JUST AS the media is immobilised by new laws that prevent it from writing about lawyers who do personal injury work, Maurice Blackburn Cashman merged this week with Sydney firm Charlton Shearman, boosting an area of practice the firm has labelled “medical legal services”.
The new firm strengthens “what we already have”, said Maurice Blackburn Cashman (MBC) CEO Greg Tucker. Traditionally, the firm has acted for injured workers, and this area of law is still in the firm’s “heartland”, he said. But the firm is now “deepening” its traditional areas, including class actions, which it has been doing for about seven years.
Tucker acknowledged recent tort law reform had placed pressure on many firms. In acting for both defendants and plaintiffs, the firm has found its way through the changes, and Tucker said things will change to be favourable for the firm.
MBC is also acting for investors, Tucker said, and has broadened this base over the past five to seven years and will continue to build on it.

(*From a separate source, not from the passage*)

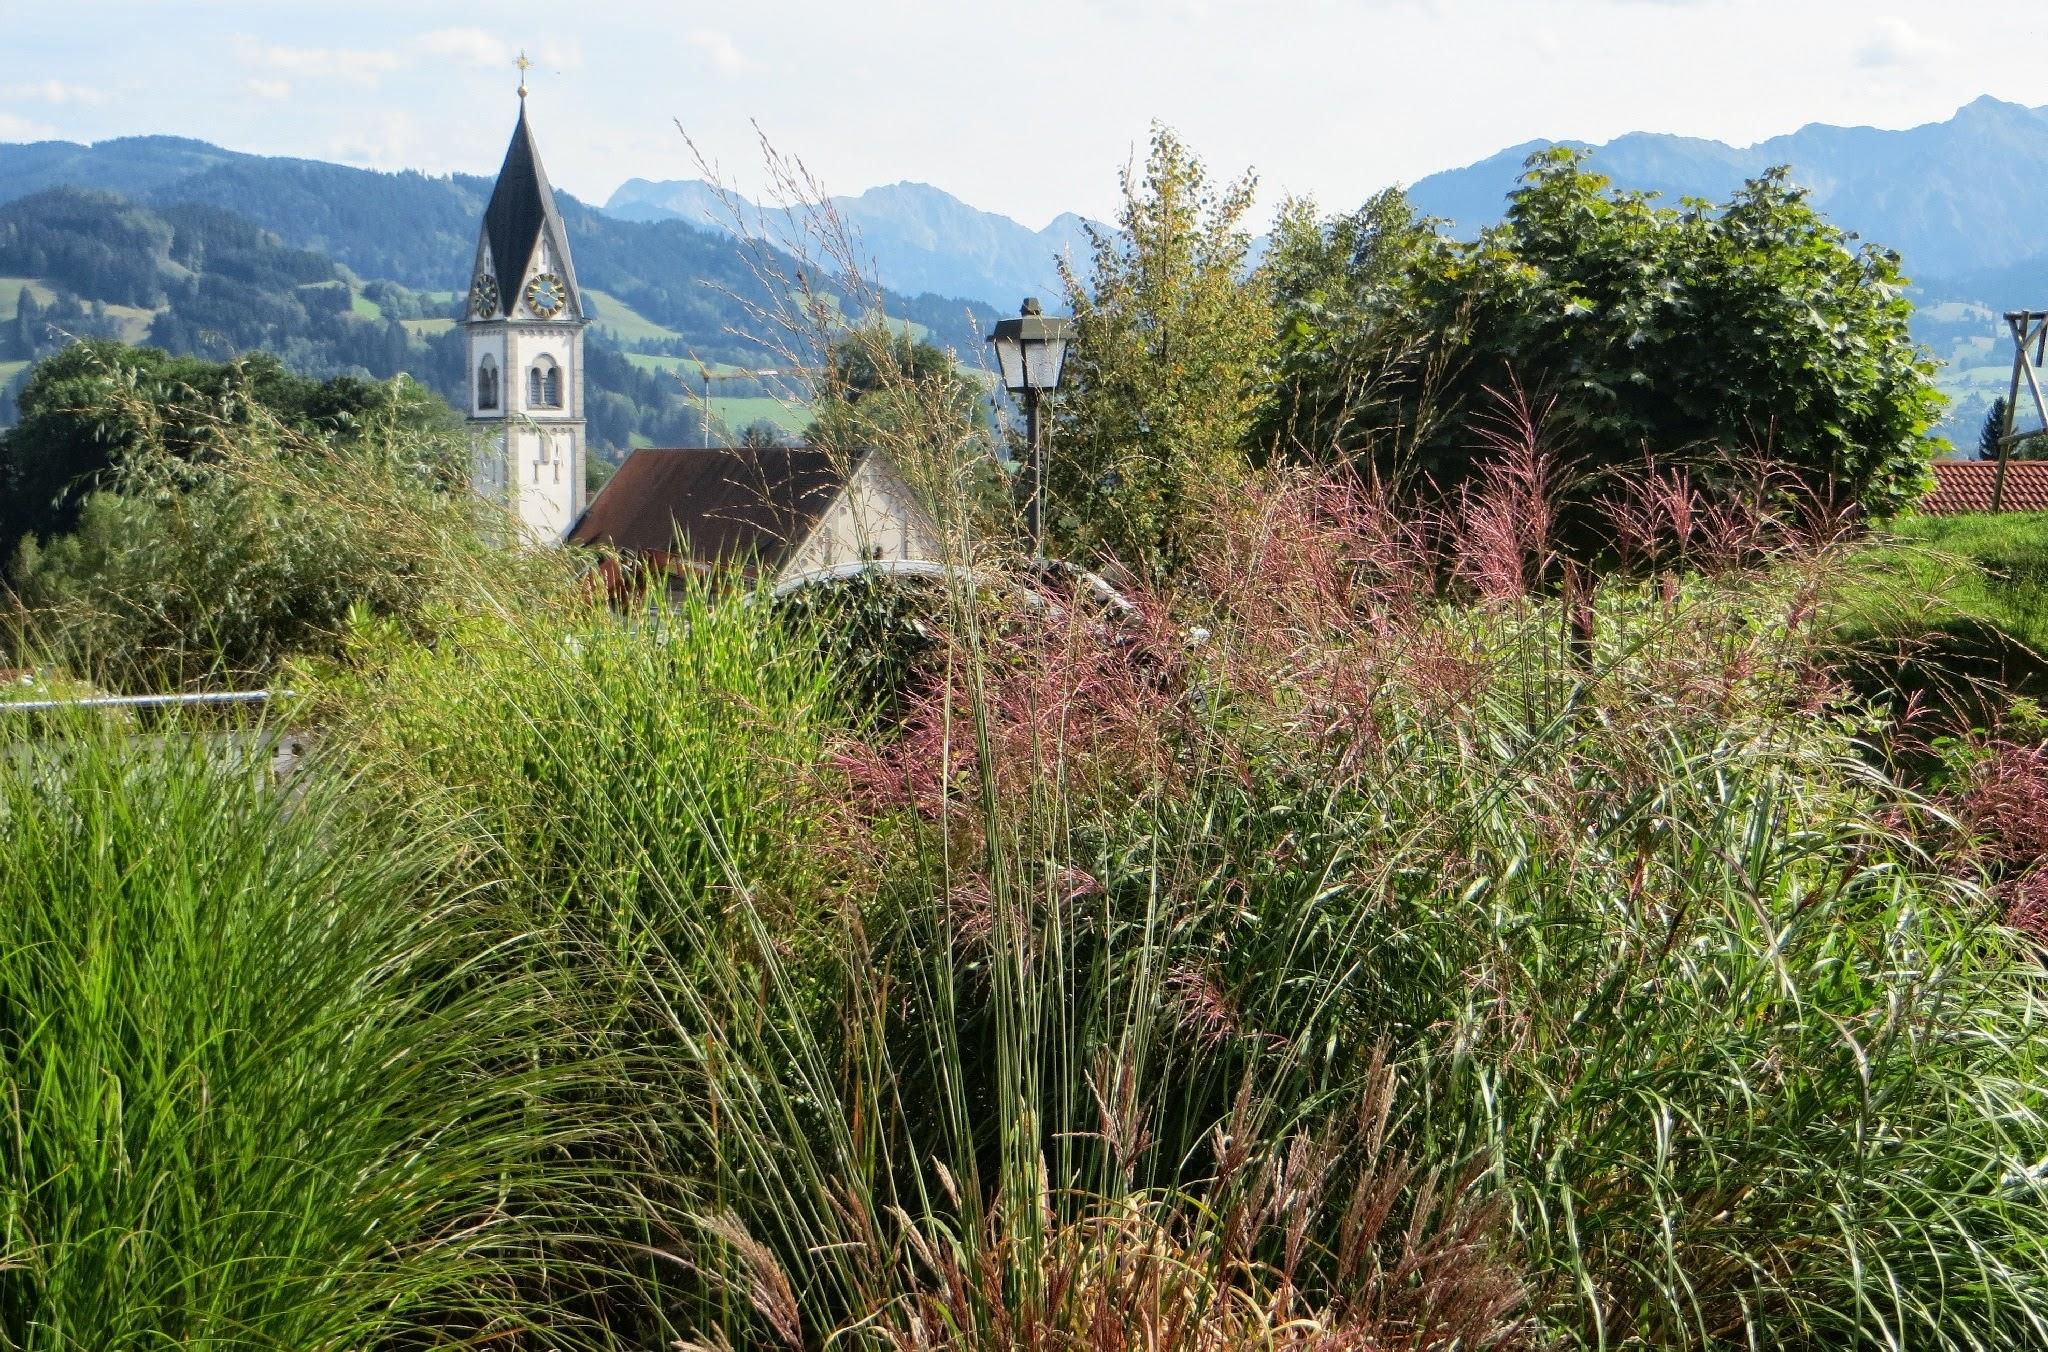 Photo: Am Scheibenbach Motiv 2 Vordergrund Gräser -  Blick zu den Hindelanger Bergen, ganz rechts Rotspitze Spazieren: https://pagewizz.com/blaichach-spazieren-im-allgau-35033/

The new merger is the latest in a string of mergers for the firm. Earlier this year MBC merged with Gill Kane & Brophy and late last year with industrial and employment firm Whyburns Legal.
Its “medical legal strength” will now be reinforced. “Under the leadership of Kathryn Booth in Victoria we already hold a formidable reputation for winning complex and major medical negligence cases, particularly those involving birth injuries,” Tucker said.
Charlton Shearman has 18 years’ experience in professional negligence litigation. “Bringing the combined experience of the two firms together makes good sense in what is a growing area of our practice,” Tucker said.
The firm will take opportunities as they arise, he added, and is “always looking to deepen areas of practice and move into complementary areas”.